**AIM OF THE TASK:** Starting at the line with "the word distress" and going on through the line with "Home Basics Elizabeth", reproduce each line in the records below exactly and nothing more.

++++ GIVEN RECORDS ++++

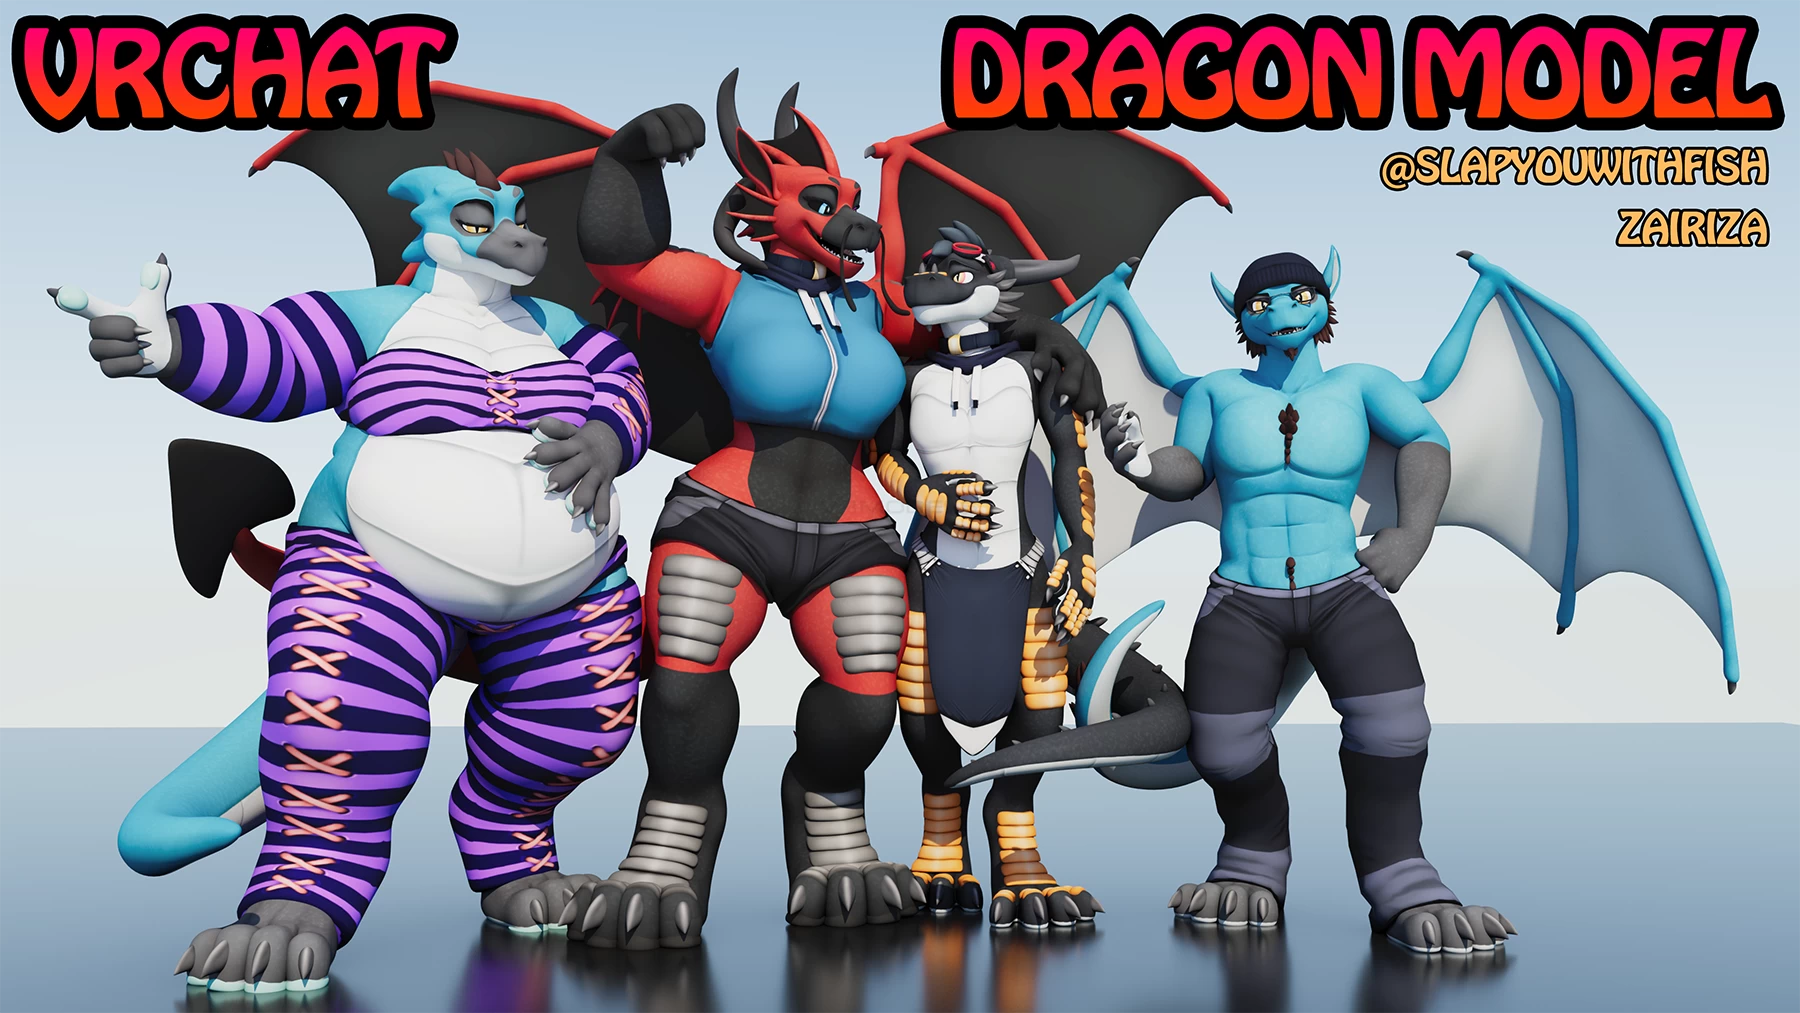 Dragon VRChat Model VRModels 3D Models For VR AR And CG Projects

++++
++++ GIVEN RECORDS ++++

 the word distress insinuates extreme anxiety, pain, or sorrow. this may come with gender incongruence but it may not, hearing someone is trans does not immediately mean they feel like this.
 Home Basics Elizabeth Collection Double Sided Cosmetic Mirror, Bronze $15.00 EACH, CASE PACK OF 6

++++

**EXERCISE RESPONSE:**
 the word distress insinuates extreme anxiety, pain, or sorrow. this may come with gender incongruence but it may not, hearing someone is trans does not immediately mean they feel like this.
 Home Basics Elizabeth Collection Double Sided Cosmetic Mirror, Bronze $15.00 EACH, CASE PACK OF 6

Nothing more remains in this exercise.